Significant fluctuations in exchange rates between the U.S. dollar and foreign currencies may adversely affect our net revenues.  Our primary operations outside the United States are in the United Kingdom, Canada, and Switzerland.  Our operating profit outside the United States has historically exceeded our domestic operating profit.

 

We are expanding our sales and marketing efforts in certain emerging markets.  Expanding our business into emerging markets may present additional risks beyond those associated with more developed international markets.  In any emerging market, we may face additional risks, including cash-based economies, inconsistent government policies, and sudden currency revaluations.

 

The loss of, or the inability to attract and retain, key personnel could impair our future success.

 

Our future success depends in part on the continued service of our employees—including executive officers and other key management, sales, marketing, product development, and operations personnel—and on our ability to continue to attract, motivate, and retain additional highly qualified employees. The loss of the services of one or more of our key personnel or our inability to recruit replacements for such personnel or to otherwise attract, motivate, or retain qualified personnel could have an adverse effect on our business, operating results, and financial condition.

 

We may not be able to protect intellectual property rights.

 

We rely on copyright laws and nondisclosure, license, and confidentiality arrangements to protect our proprietary rights as well as the intellectual property rights of third parties whose content we license. However, it is not possible to prevent all unauthorized uses of these rights. We cannot assure you that the steps we have taken to protect our intellectual property rights, and the rights of those from whom we license intellectual property, are adequate to deter misappropriation or that we will be able to detect unauthorized uses and take timely and effective steps to remedy this unauthorized conduct. In particular, a significant portion of our revenues are derived internationally including jurisdiction where protecting intellectual property rights may prove even more challenging. To prevent or respond to unauthorized uses of our intellectual property, we might be required to engage in costly and time-consuming litigation and we may not ultimately prevail.
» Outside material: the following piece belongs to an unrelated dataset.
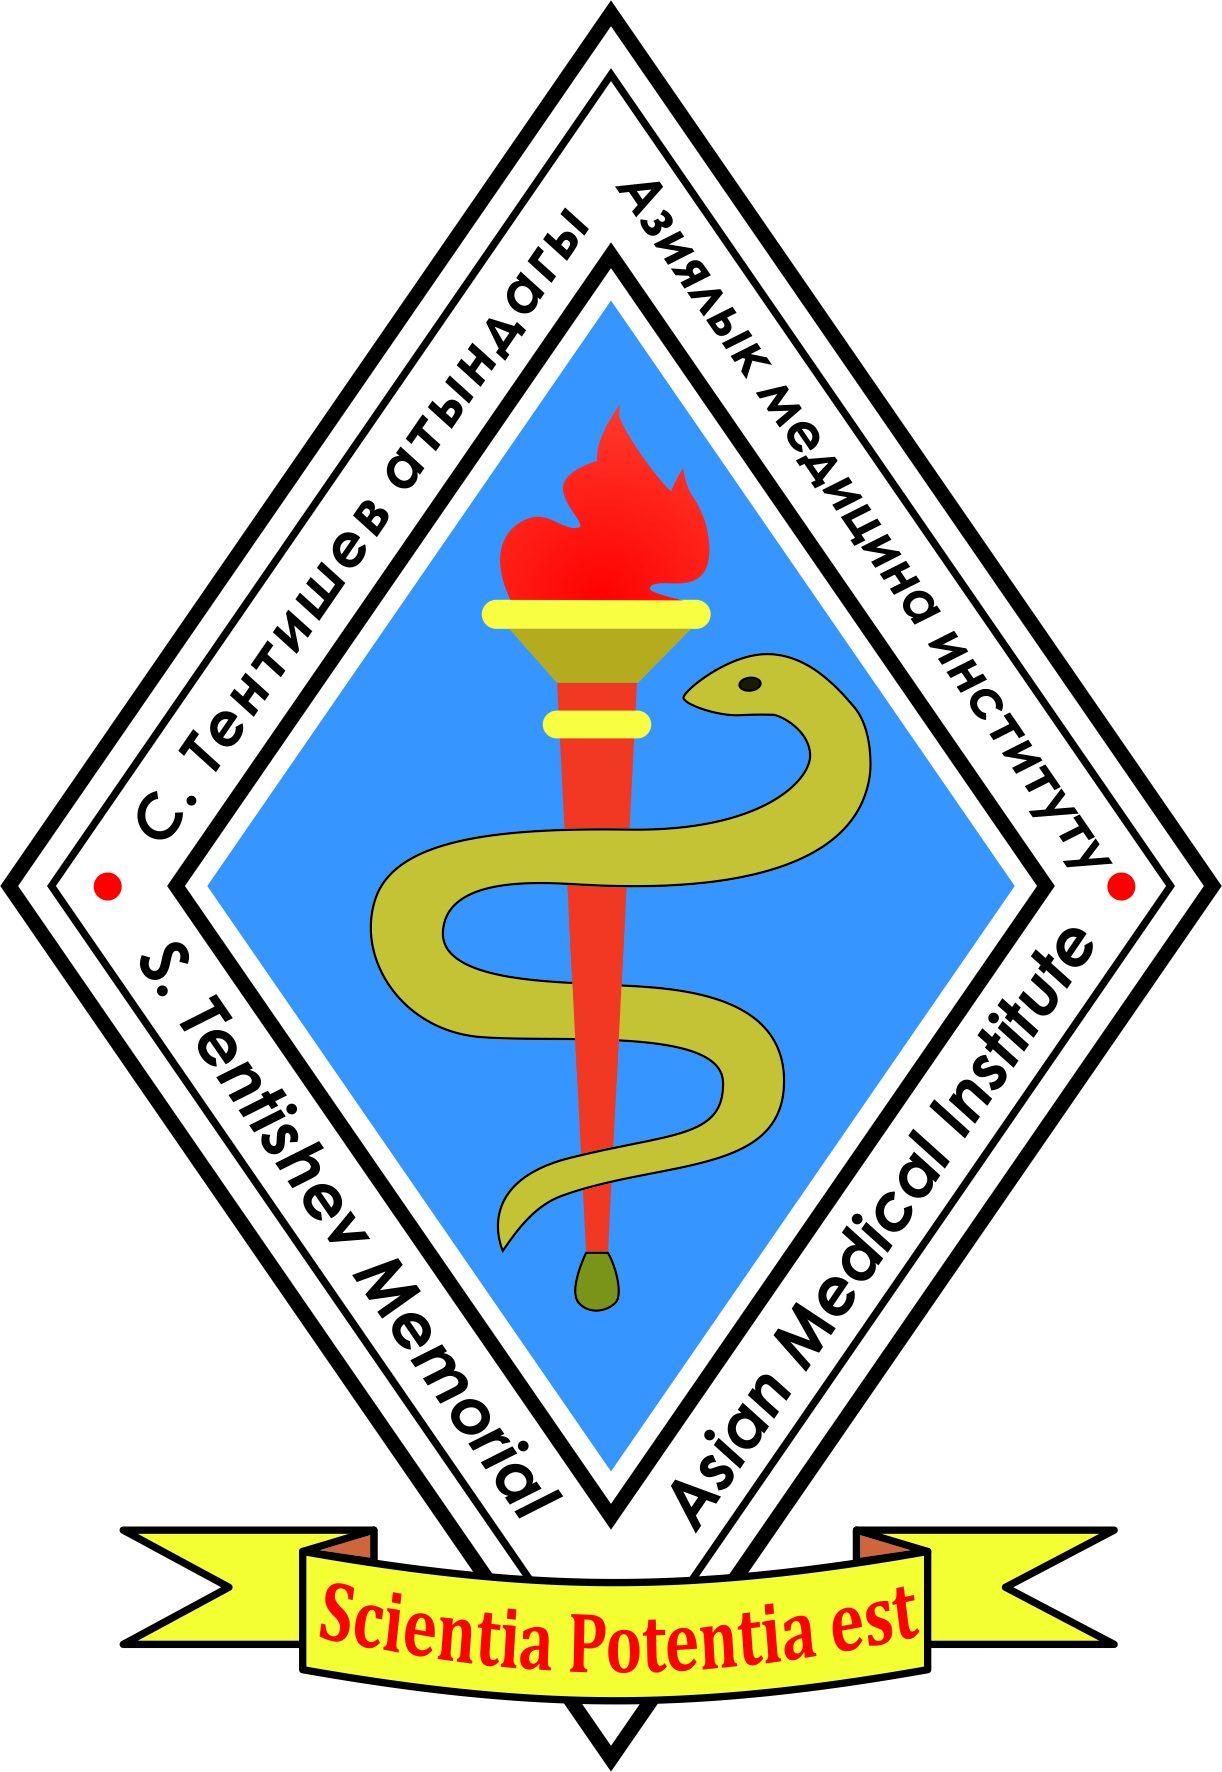 Азиатский медицинский институт имени Саткынбая Тентишева

In addition, our offerings could be less differentiated from those of our competitors, which could adversely affect the fees we are able to charge.

 

We rely on a network of independent contractors and dealers whose actions could have an adverse effect on our business.

 

We obtain some of our critical information from independent contractors, particularly in our Energy segment and for certain offerings of our Jane’s business.  In addition, we rely on a network of dealers to sell our offerings in locations where we do not maintain a sales office or sales teams.  These independent contractors and dealers are not employees of our company.  As a result, we are limited in our ability to monitor and direct their activities.  The loss of a significant number of these independent contractors could disrupt our information-gathering efforts or our sales, marketing, and distribution activities.  In addition, if any actions or business practices of these individuals or entities violate our policies or procedures or are otherwise deemed inappropriate or illegal, we could be subject to litigation, regulatory sanctions, or reputation damage, any of which could adversely affect our business.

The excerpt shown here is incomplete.